With a different solver:
Barrier method finished in 1 seconds
Problem is infeasible after 11 iterations
Uncrunching matrix
Its Obj Value S Ninf Nneg Sum Inf Time
0 366.241496 B 999 0 9.758622 1
Problem is infeasible
Presolved QP is infeasible
No solution will be returned
QP is infeasible
It is noted that this happens only for some data sets. For other data these solvers get things right.
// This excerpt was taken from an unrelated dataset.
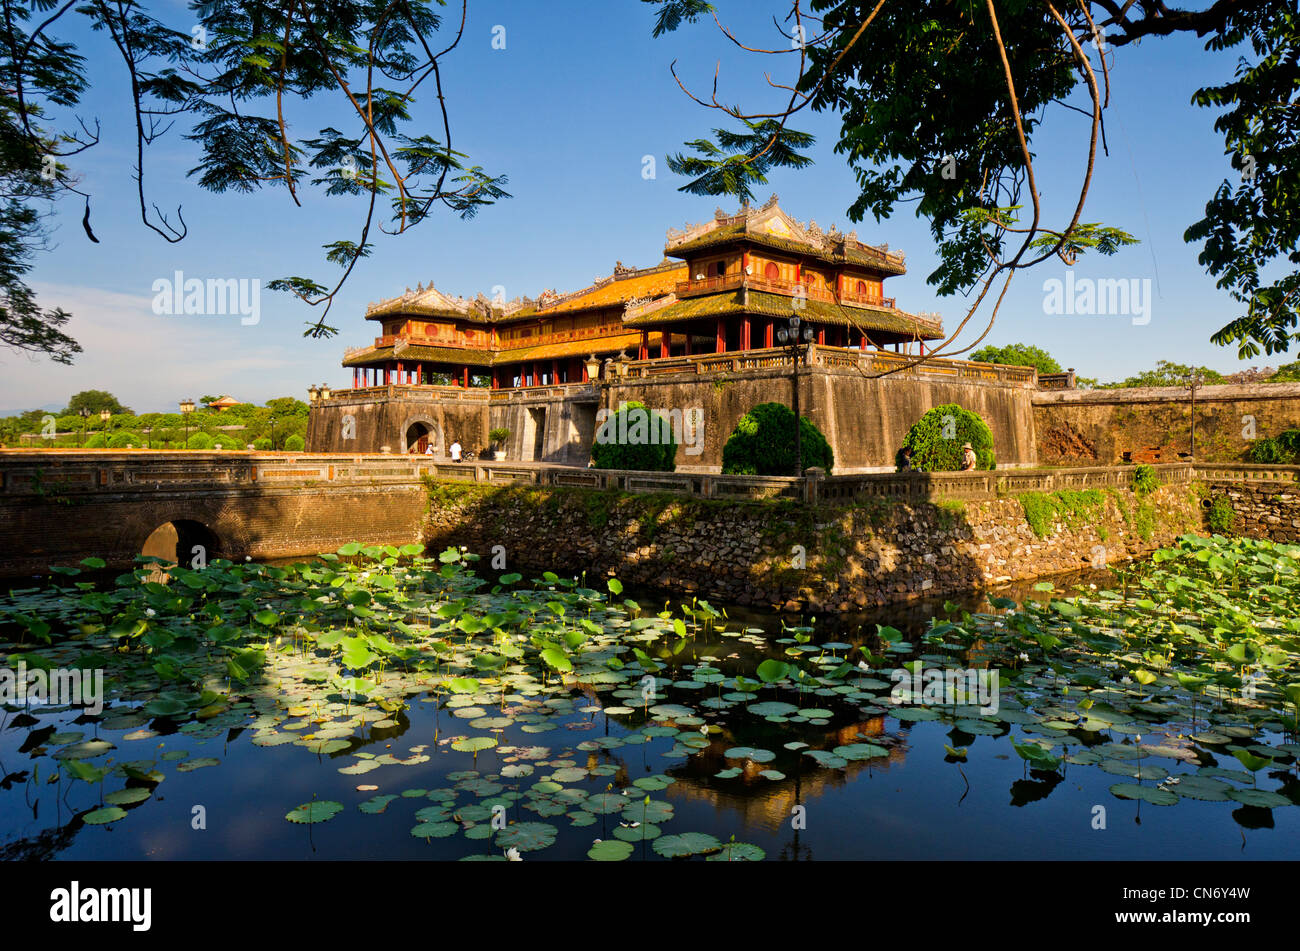 Ciudad Imperial, Hue Vietnam, con fosos y lirios de agua Foto de stock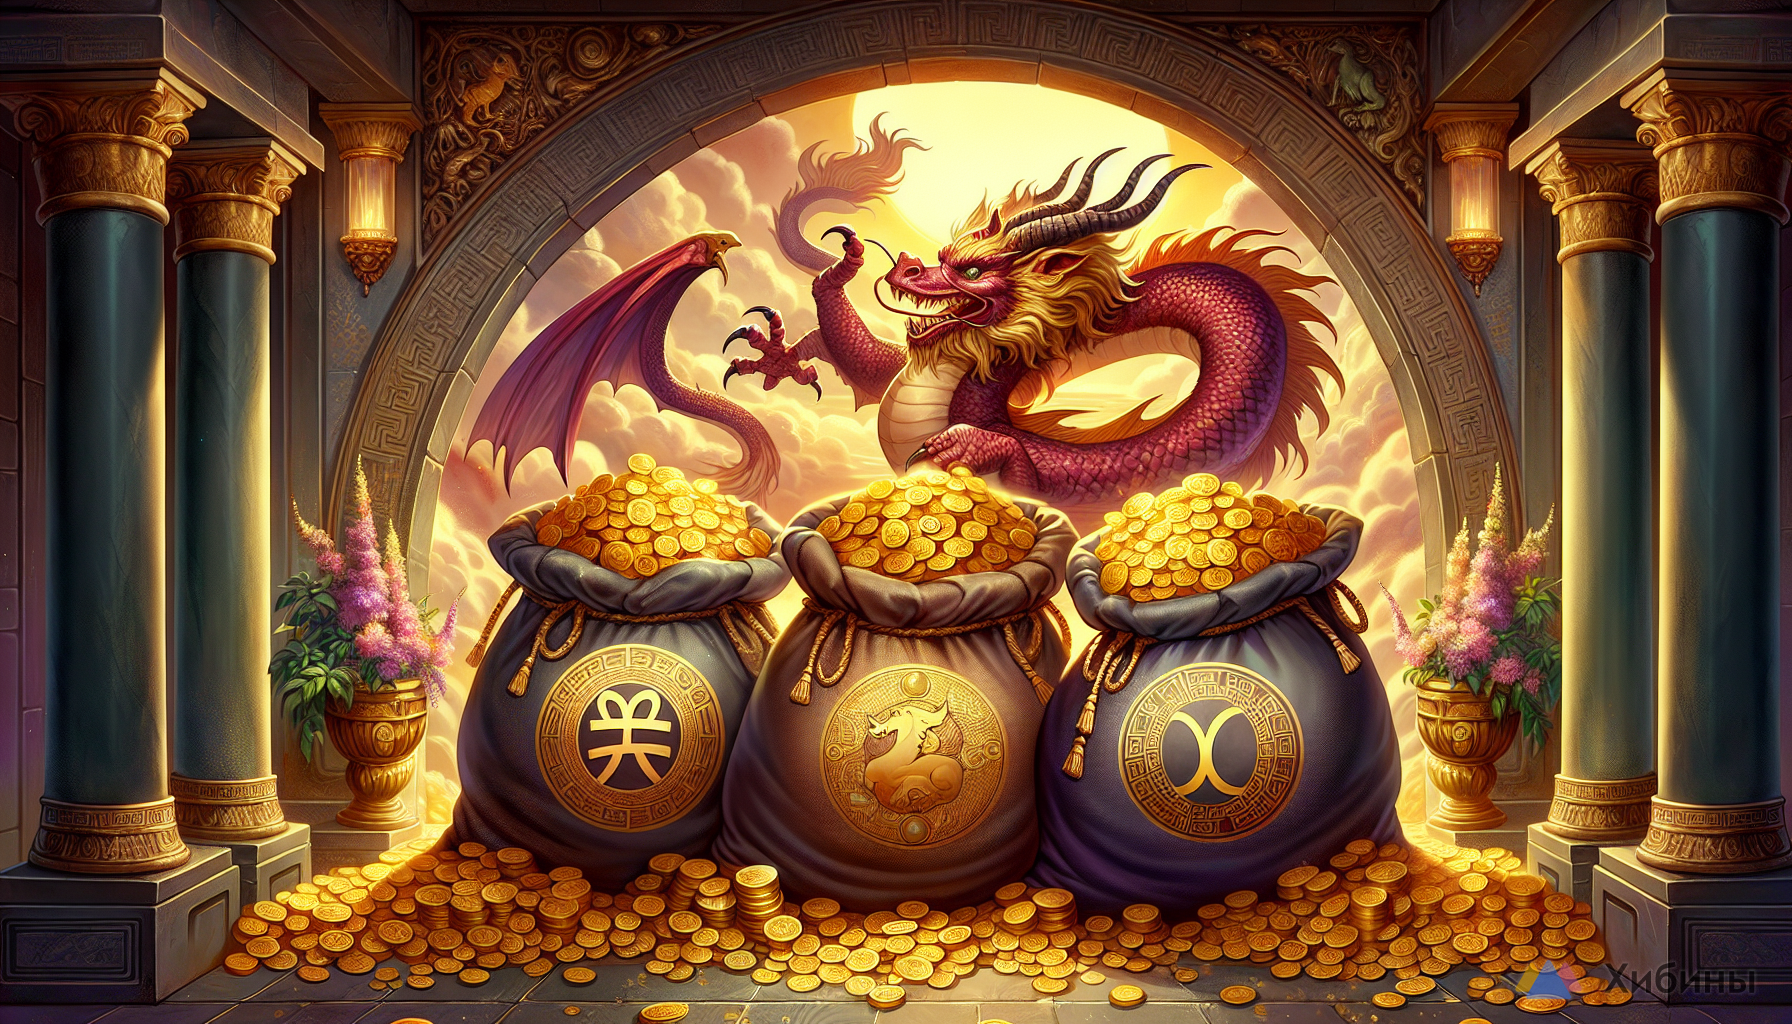 Попадут в золотое хранилище Дракона: Деньги будут выносить мешками в мае — Судьба избрала 3 знака Зодиака

Of course, we should be happy with these new solver capabilities. Some models solve extremely fast when stated as a SOCP, and we should take whatever performance and reliability gains we can get.
References
Appendix: An example of a picky solver
The reason Cplex complains, is that GAMS generates the following ugly model:
\ENCODING=ISO-8859-1
\Problem name: gamsmodel
Minimize
_obj: d(line1) + d(line2) + d(line3) + z
Subject To
_eline(line1.x)#0: 0.757256448 t(line1) + q(x) + delta(line1.x)
= -0.656505736
_eline(line1.y)#1: - 1.084257608 t(line1) + q(y) + delta(line1.y)
= 0.686533416
_eline(line2.x)#2: 0.115236774 t(line2) + q(x) + delta(line2.x)
= -0.415575766
_eline(line2.y)#3: 1.26443496 t(line2) + q(y) + delta(line2.y) = -0.551894266
_eline(line3.x)#4: 1.862007808 t(line3) + q(x) + delta(line3.x)
= -0.865772554
_eline(line3.y)#5: 0.157045418 t(line3) + q(y) + delta(line3.y)
= 0.000421337999999993
dist(line1)#6: - linear_part_of_dist(line1) = 0
dist(line2)#7: - linear_part_of_dist(line2) = 0
dist(line3)#8: - linear_part_of_dist(line3) = 0
obj#9: z = 0
QCP_row_for_dist(line1): linear_part_of_dist(line1) + [ delta(line1.x) ^2
+ delta(line1.y) ^2 - d(line1) ^2 ] <= 0
QCP_row_for_dist(line2): linear_part_of_dist(line2) + [ delta(line2.x) ^2
+ delta(line2.y) ^2 - d(line2) ^2 ] <= 0
QCP_row_for_dist(line3): linear_part_of_dist(line3) + [ delta(line3.x) ^2
+ delta(line3.y) ^2 - d(line3) ^2 ] <= 0
Bounds
t(line1) Free
t(line2) Free
t(line3) Free
q(x) Free
q(y) Free
delta(line1.x) Free
delta(line1.y) Free
delta(line2.x) Free
delta(line2.y) Free
delta(line3.x) Free
delta(line3.y) Free
z Free
linear_part_of_dist(line1) Free
linear_part_of_dist(line2) Free
linear_part_of_dist(line3) Free
End
This model leads to
CPLEX Error 5002: 'QCP_row_for_dist(line1)' is not convex. If we clean this up a bit by hand, we get:
\ENCODING=ISO-8859-1
\Problem name: gamsmodel
Minimize
_obj: d(line1) + d(line2) + d(line3)
Subject To
_eline(line1.x)#0: 0.757256448 t(line1) + q(x) + delta(line1.x)
= -0.656505736
_eline(line1.y)#1: - 1.084257608 t(line1) + q(y) + delta(line1.y)
= 0.686533416
_eline(line2.x)#2: 0.115236774 t(line2) + q(x) + delta(line2.x)
= -0.415575766
_eline(line2.y)#3: 1.26443496 t(line2) + q(y) + delta(line2.y) = -0.551894266
_eline(line3.x)#4: 1.862007808 t(line3) + q(x) + delta(line3.x)
= -0.865772554
_eline(line3.y)#5: 0.157045418 t(line3) + q(y) + delta(line3.y)
= 0.000421337999999993
QCP_row_for_dist(line1): [ delta(line1.x) ^2
+ delta(line1.y) ^2 - d(line1) ^2 ] <= 0
QCP_row_for_dist(line2): [ delta(line2.x) ^2
+ delta(line2.y) ^2 - d(line2) ^2 ] <= 0
QCP_row_for_dist(line3): [ delta(line3.x) ^2
+ delta(line3.y) ^2 - d(line3) ^2 ] <= 0
Bounds
t(line1) Free
t(line2) Free
t(line3) Free
q(x) Free
q(y) Free
delta(line1.x) Free
delta(line1.y) Free
delta(line2.x) Free
delta(line2.y) Free
delta(line3.x) Free
delta(line3.y) Free
End
Cplex is happy with this model. We see:
Barrier - Optimal: Objective = 1.2652779019e-01.